Functional annotation

The sequences of the differentially expressed transcripts (DE) identified in each experiment were extracted and subjected to BLASTX analysis against the NCBI non-redundant protein database (http://www.ncbi.nlm.nih.gov/) with an e-value threshold of 1e-10 and a maximum blast hits of 100 in CLC-GWB. Functional annotations for these four groups were conducted independently using BLAST2GO Pro ver 3.0.1034 with default parameters. All the DGEs were annotated, augmented using InterProScan and followed by “Run Annex” options and retaining the annotations pertaining to the plant database using the GO (gene ontology)-slim option in BLAST2GO. The DEs were also mapped against the KEGG (Kyoto encyclopaedia of Genes and Genomes) database32,33 containing metabolic pathways, which represent molecular interactions and reaction networks. Finally, pathway assignment was performed for all the transcripts on the basis of KEGG pathway maps using GO-enzyme code mapping option. The functional annotation was visualized in MapMan v3.5.1R2 program30,31 employing the mapping files of the DE transcripts generated by Mercator30.

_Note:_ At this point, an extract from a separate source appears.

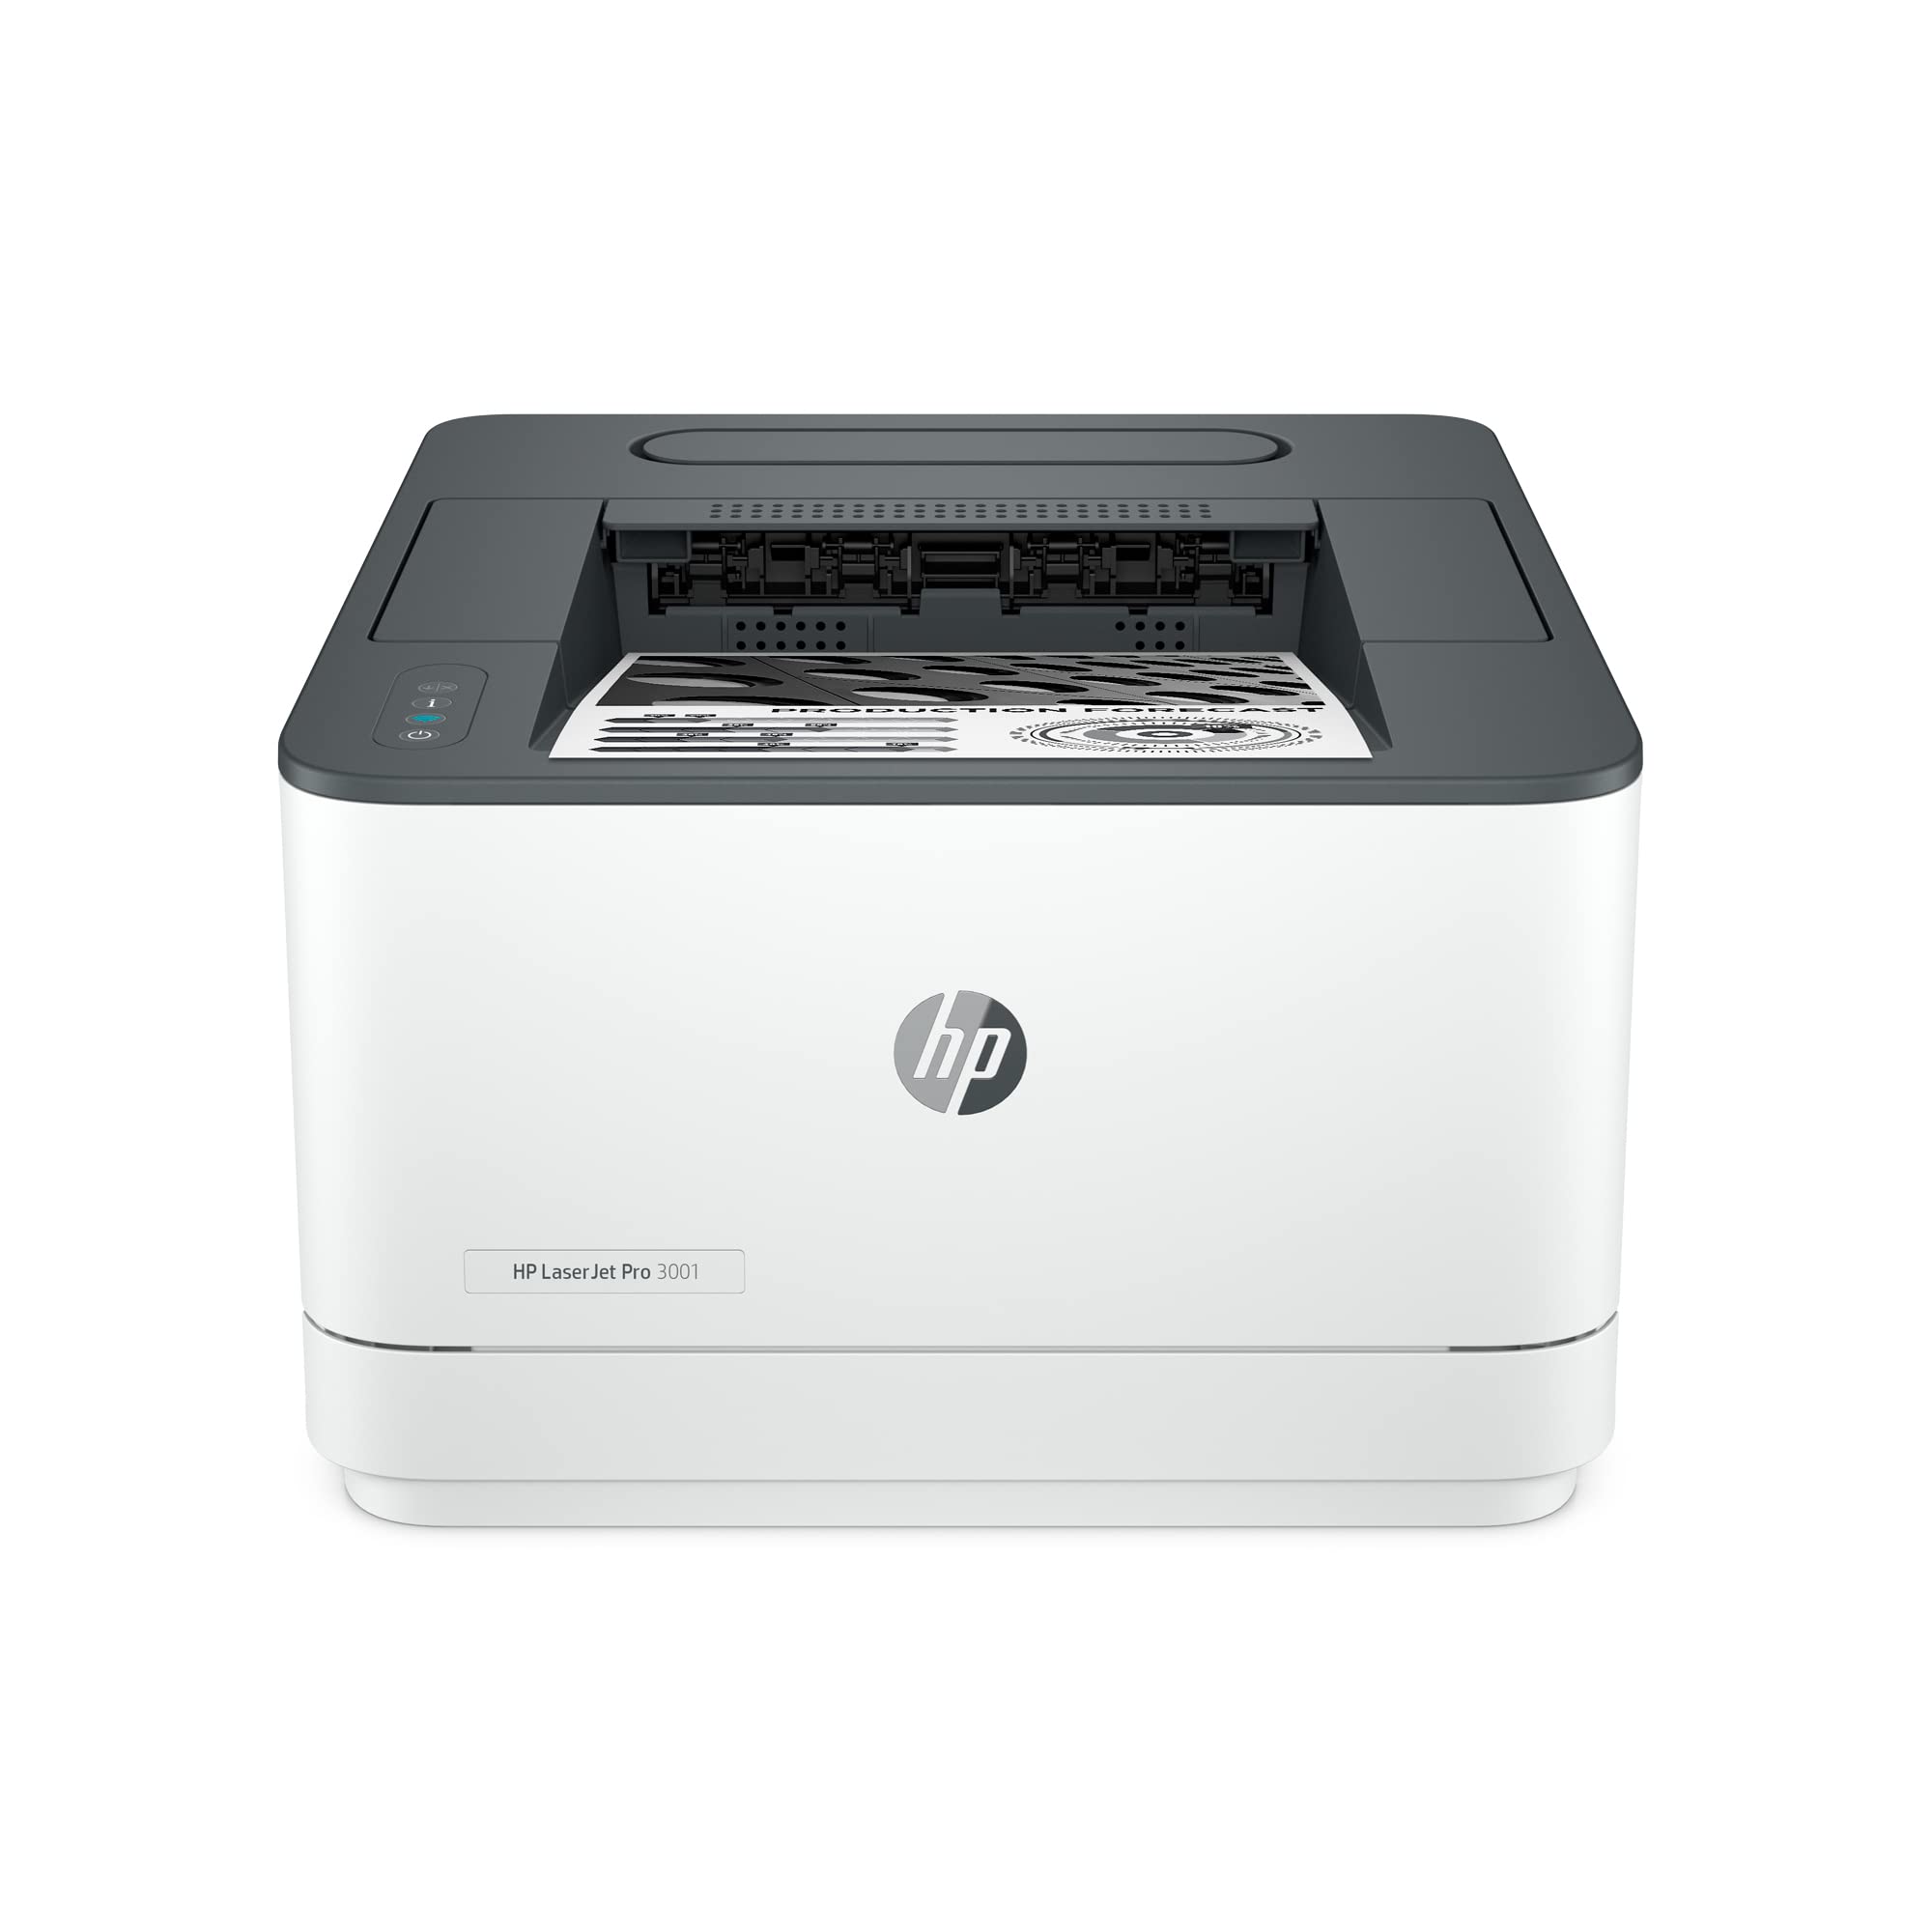 HP LaserJet Pro 3001dw 无线黑白打印机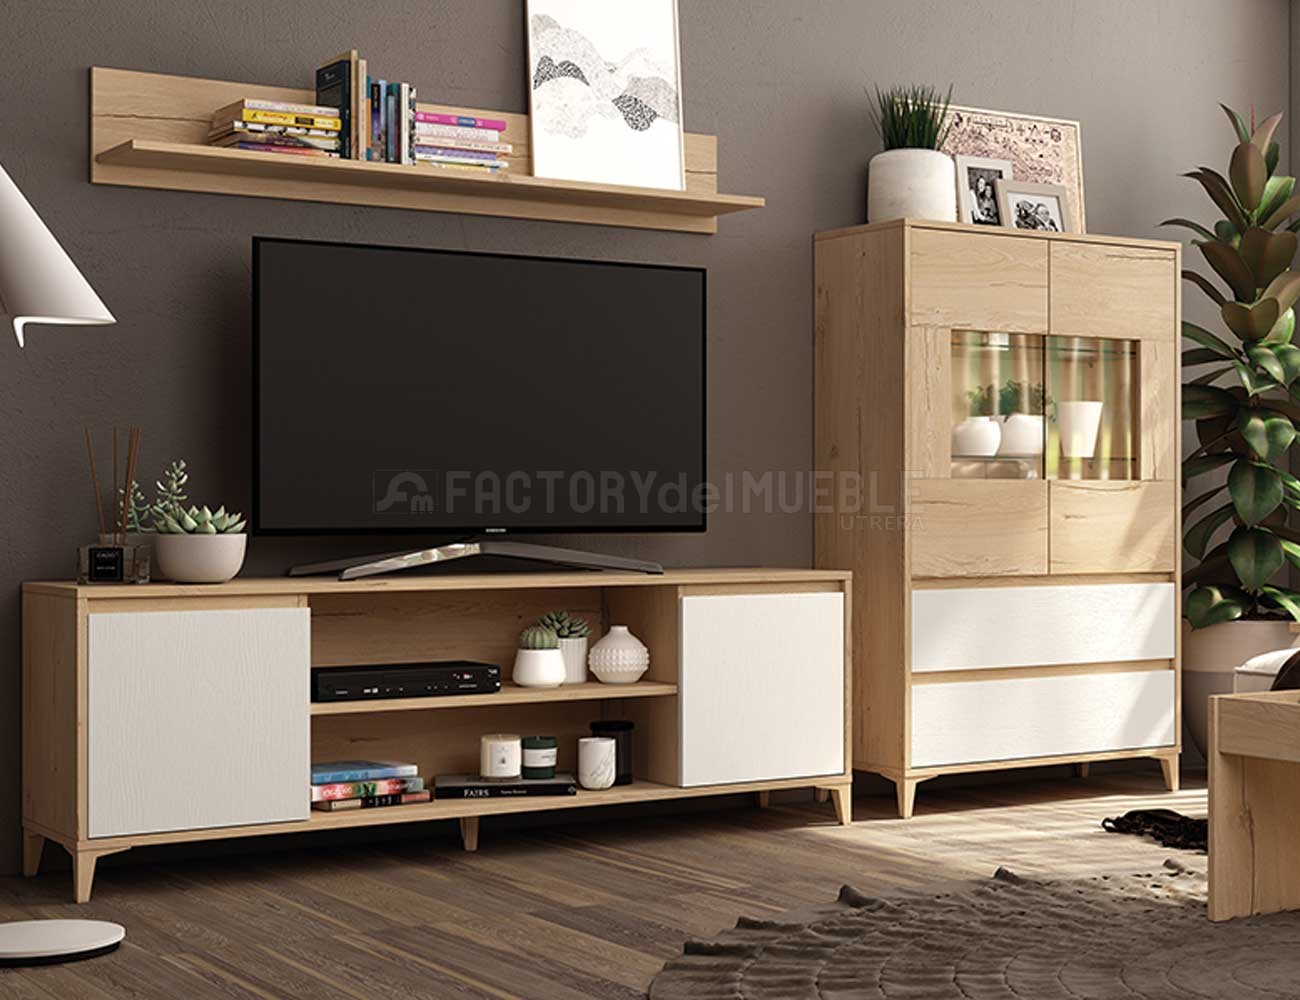 Mueble de salón moderno con bajo tv y vitrina (35046)

Validation of DE genes using quantitative real-time PCR (qPCR)

To validate the RNA-Seq differential expression, a correlation analysis was conducted using the expression values (RPKM) of four selected transcripts in this study and qPCR expression values (Cq qPCR normalised gene expression) of the same transcripts obtained from a separate study22. These selected transcript sequences were confirmed to be the same between the two databases, SoGI (used in this study) and SUGIT (used in22), by checking the primer sequences and amplicon length (detail is provided in Additional file 6). The RPKM values were obtained for top and bottom internodal tissue samples of four genotypes (QC02–402, Q200, QN05-803 and QBYN04-26041). The correlation analysis was performed in Microsoft Excel 2013.

Data analysis

All CLC-GWB analyses and command-line driven Linus-based analyses were run on a QAAFI CLC Genomics Server and High Performance Computer clusters, respectively, provided by Research Computing Centre, The University of Queensland, Australia (https://rcc.uq.edu.au/). Other data analyses, unless otherwise stated, were performed in Microsoft Excel 2013.

Availability of data and material

All RNA-Seq read data has been submitted as sequence read archive (SRA) in NCBI with the BioProject ID PRJNA356226, BioSample SAMN06323325, and accessions from SRR5258946 to SRR5259025 (80 accessions), as mentioned in73. Other relevant data are within the paper.